Libby is the first to flap on the White House clothes line, but the office of the Attorney General is where those with a mind for legalities are unlikely to turn in their careers for an all but failed presidency. Fortunately, George Bush’s close advisors are not of the Nixon vintage. Unless you count Colin Powell, Don Rumsfeld and Dick Cheney. Condi Rice was only nineteen when Tricky Dick took that last flight on Air Force One.
What we’re talking about here is a president stepping down before his term is over. Presidents don’t do that unless they are stricken physically ill, assassinated or impeached. This president’s vice-president is so toxic that I doubt an impeachment will be allowed that does not include him.
Nancy Pelosi has, for reasons known only to her and a few others, taken impeachment of the president off the table, as she puts it. But it may not be her call to make. And it opens the intriguing possibility of an impeachment of Cheney. That might well serve the need of the country to make this administration answer to the law, yet fall short of impeaching Bush.
Interesting possibility.
America is famously accepting of incompetence in their presidents, but they have a steely disregard for liars. Jimmy Carter was among our less politically competent presidents and yet the country holds him in high regard. They didn’t reelect him, but they liked him. Bill Clinton, on the other hand, was a hugely popular and intellectually awesome president who suffers to this day from the impression that he was less than honest in his personal relationships.

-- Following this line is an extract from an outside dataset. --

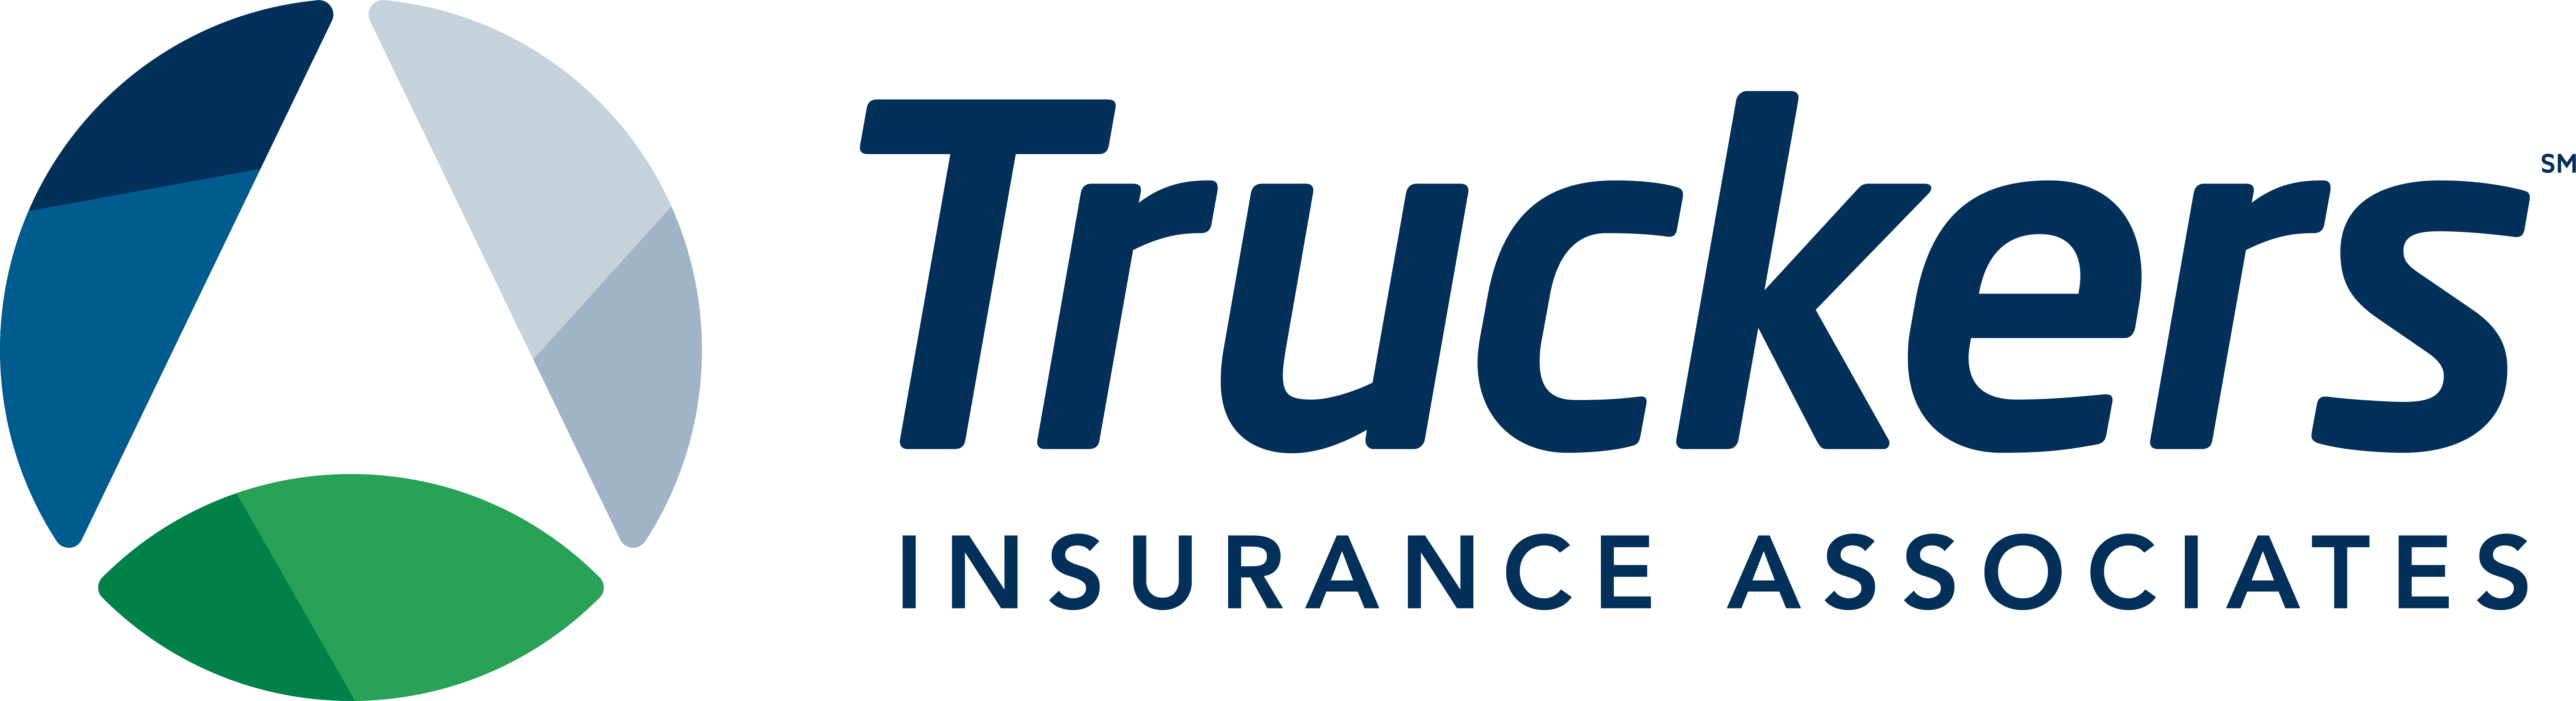 Truckers Insurance Associates logo

George Bush is as likeable as they come, a back-slapper and nickname decider. But he lugs around the baggage of a presidency that allowed some very questionable things to go on--if not with his approval, then by looking the other way. Fair or not, Vice President Cheney is rated by the public as an overwhelmingly devious and thoroughly untrustworthy partisan, financially crooked as well. Rumsfeld is gone, but the president still hauls his luggage as well.
So, if there is to be a tipping-point in this administration, it seems we are there. It's likely, if the president survives the next several months without further disintegration within his administration, he’ll be all right. But he’s certainly going to lose Gonzales and he’s rapidly losing control on the ground and with the American public in Iraq. With the Gonzales debacle, the rats will either abandon ship or hunker down.
It’s rats that bring down presidencies.